14
In life, Lesli (or Leslie)
Lyman and Doris McCutcheon were one and the same, but in death they were two
separate persons. After the body had been positively identified and the autopsy
performed, the police contacted the girl’s mother – who now went by the name
Mrs. Crawford – and arrangements were made for the body to be shipped to
Phoenix for burial. And Mrs. Crawford made it clear that her daughter’s
California acquaintances – those fiends who ruined her and killed her – were
most definitely not welcome at the funeral.
As a consequence,
Barry Bergman and Jenni Jarman, in the course of their sleepless night during
which, between fitful bouts of inconclusive lovemaking, they talked about Lesli
and other matters, arranged for a memorial ceremony to be held beside Barry’s
pool. It would not be until the following Monday – giving them time to spread
the word – since Thanksgiving weekend was coming up, and Jenni would be going
to Fresno to spend it with her family. She had not been back since the
Ambartsum holiday, shortly before meeting Barry, and she had of course not told
them about her new life and work. There were, to be sure, adult theaters in Fresno,
but Jenni doubted whether her folks had any contact with people who might
frequent them.
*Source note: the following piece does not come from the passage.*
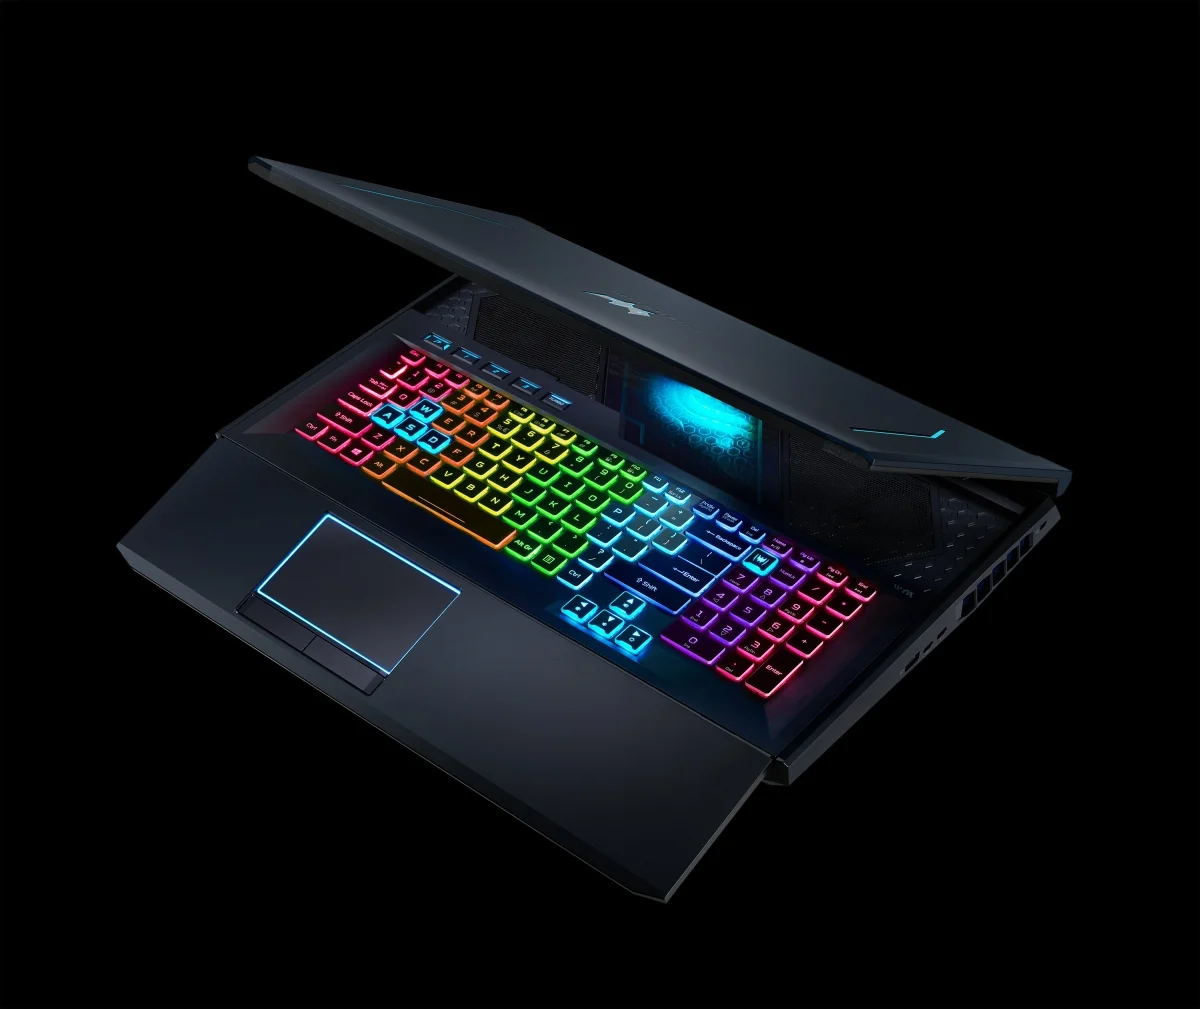 Acer представила игровой ноутбук Predator Helios 700 с выдвигающейся клавиатурой - фото 4
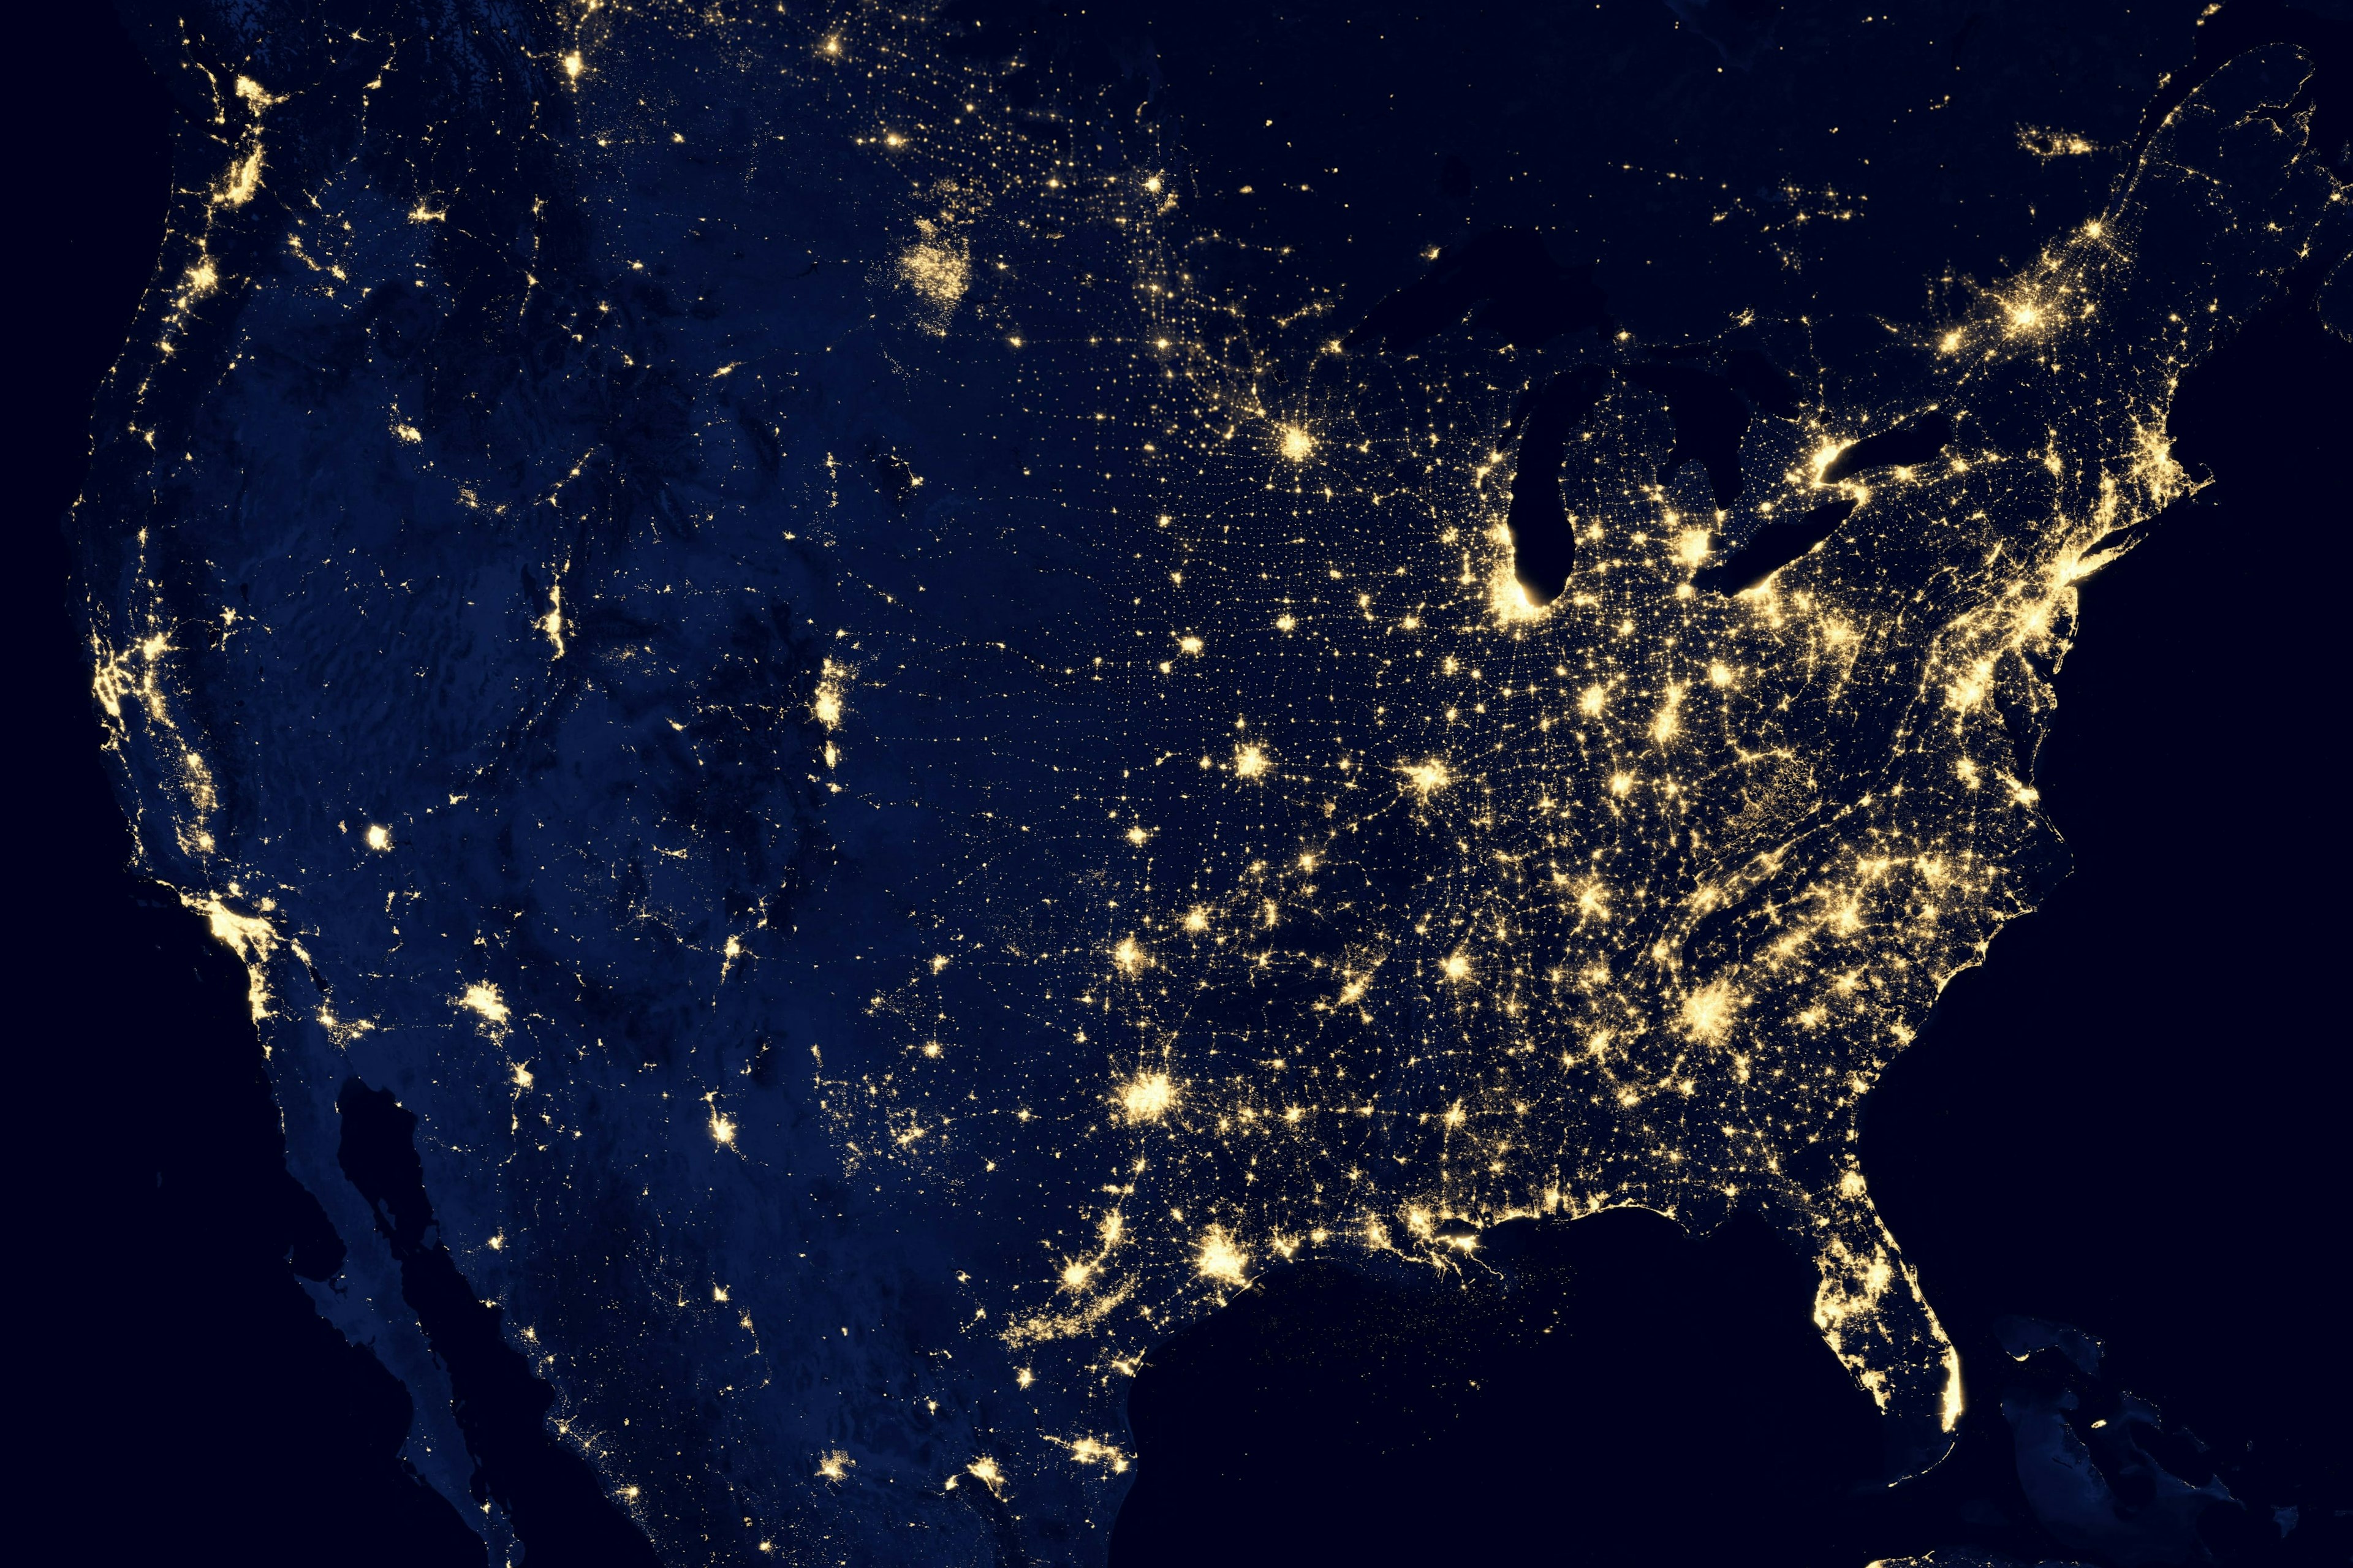 Image of the US grid illuminated

Still, one never knew, and they might wonder when they saw her
drive up in her red Alfa Romeo Spider.
It was only after
they were up, still early in the morning, that Jenni told Barry that she was
now actively looking for a place of her own. “That’s great!” he said, but he
felt an unaccustomed pang in the pit of his stomach, one that was quite
different from the little jealous twinges he had once felt.
He was not looking
forward, he thought as he was showering, to going to the Krugers’ Thanksgiving
party. He had been greatly put off by Doc’s reaction to the news about Lesli:
“What a waste! It was my best boob job ever, except maybe Gina George!” Nor did
the prospect of fucking Helena – in her room, furtively and hurriedly as
always, as though reenacting the defloration – thrill him as it had in the
past. He even felt some very belated regrets over having taken up with her and
thereby stopped his affair with Nancy, which had been lots of fun. Nancy still
looked good and probably felt good too. But he realized that neither Helena nor
Nancy, nor any of the other women he had known in a long while, felt as good as
Jenni, who at that moment was making coffee – the aroma wafted into the
bathroom from the kitchen and mingled with the residue of Jenni’s smell that he
was reluctantly washing off his skin. And he felt that pang again.
Was he in love with
Jenni? Barry Bergman, in love?
At least, he
thought as he was drying himself, going to the Krugers’ would be good for
something: he could talk to Nancy about his feelings, as he had always been
able to, before, during and after their affair. He could tell her anything, and
she would help him understand himself just by listening to him in her
nonjudgmental way. She had, after all, approved of his being her daughter’s
first lover, and honored his scriptural scruples about his relationship with
her.
He put on his
bathrobe without tying it, walked determinedly to the kitchen, grabbed Jenni
from behind and kissed her neck. She wriggled in his arms to face him and
kissed him on the lips.
“I love you,
Jenni,” he said.
“You’re sweet,
Barry,” she answered.
After breakfast
Barry Bergman drove to the studio to take care of some business. For the first
time ever, Jenni rode along with him. Atypically she wore a miniskirt, allowing
him to stroke her knees and thighs over most of the ride. By the time they
arrived at the now deserted studio they were so excited that Jenni almost ran
as she pulled Barry by the hand to the bed on which she had been interminably
fucked by Steve Kelly two days before. This time it was quick.
Because the November
sunlight on the Mediterranean was very different from what it had been in the
summer, the sex scene on the beach had to be reshot in its entirety.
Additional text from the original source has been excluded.